Map Earth’s vegetation in under 20 minutes using Amazon SageMaker

In today’s rapidly changing world, monitoring the health of the Earth’s vegetation is more important than ever. Vegetation plays an important role in maintaining ecological balance, providing nutrients, and acting as a carbon sink. Traditionally, monitoring the health of vegetation has been a difficult task. Methods such as field surveys and manual satellite data analysis are not only time-consuming, but also require significant resources and expertise. These traditional approaches are cumbersome. This often results in delays in data collection and analysis, making it difficult to track and quickly respond to changes in the environment. Furthermore, the high costs associated with these methods limit their availability and frequency, impeding comprehensive and continuous global vegetation monitoring efforts on a global scale. Considering these challenges, we have developed an innovative solution to streamline the vegetation monitoring process and increase efficiency on a global scale.

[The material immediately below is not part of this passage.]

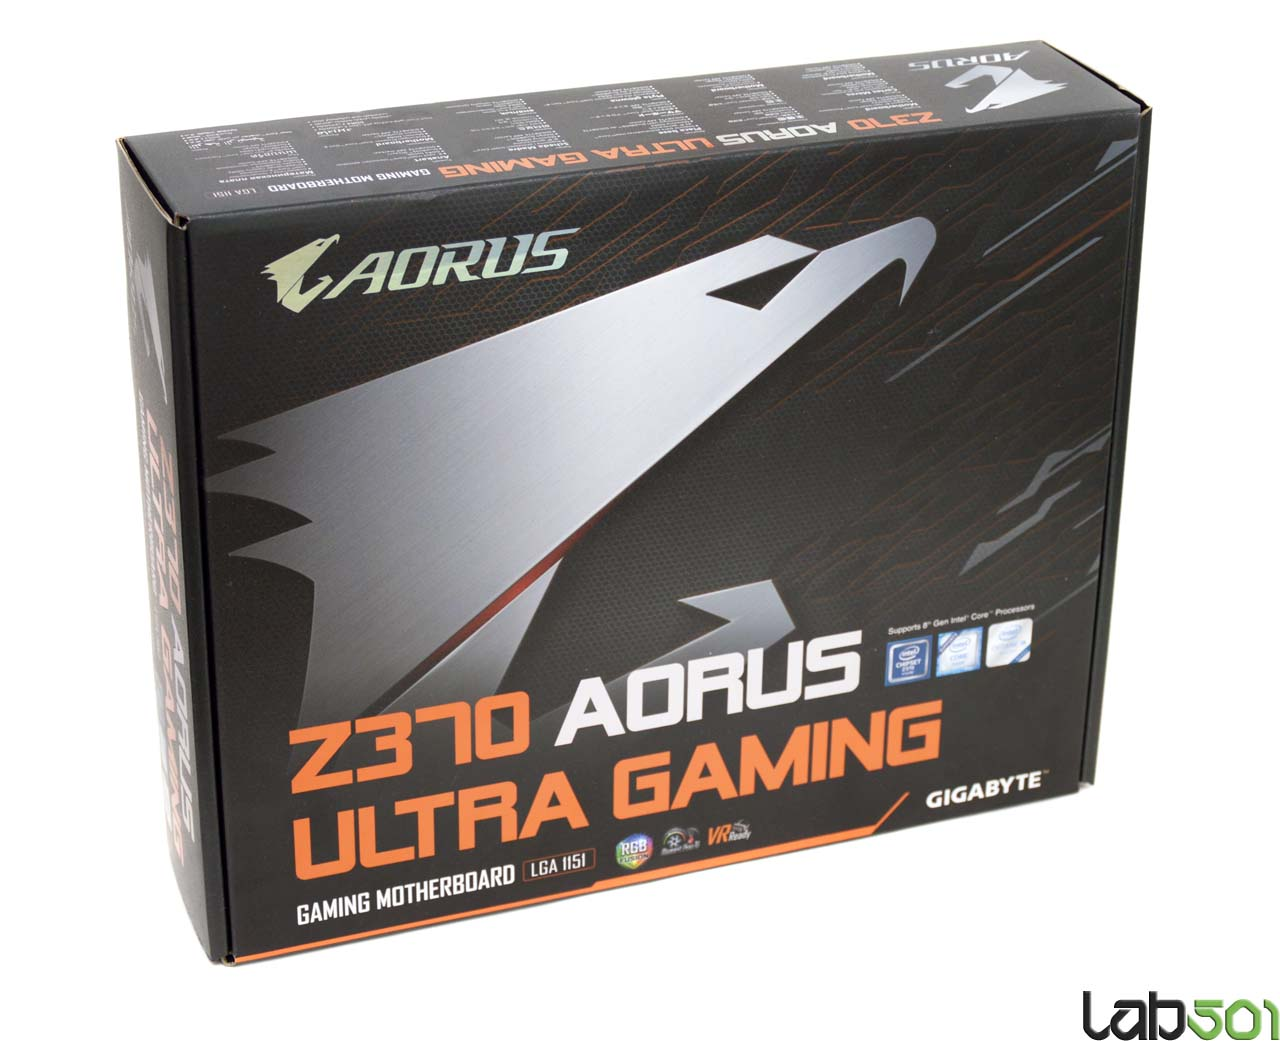 gigabyte z370 aorus gaming 5 manual

Moving away from traditional, labor-intensive methods of monitoring vegetation health, Amazon SageMaker geospatial capabilities provide a streamlined and cost-effective solution. Amazon SageMaker supports geospatial machine learning (ML) capabilities that enable data scientists and ML engineers to build, train, and deploy ML models using geospatial data. These geospatial capabilities open up a new world of environmental monitoring possibilities. SageMaker allows users to access a wide range of geospatial datasets, efficiently process and enrich this data, and accelerate development timelines. Tasks that previously took days or even weeks to complete can now be completed in a fraction of the time.

In this post, we demonstrate the power of SageMaker’s geospatial capabilities by mapping the world’s vegetation in under 20 minutes. This example highlights not only the efficiency of SageMaker, but also the impact of how geospatial ML can be used to monitor the environment for sustainability and conservation purposes.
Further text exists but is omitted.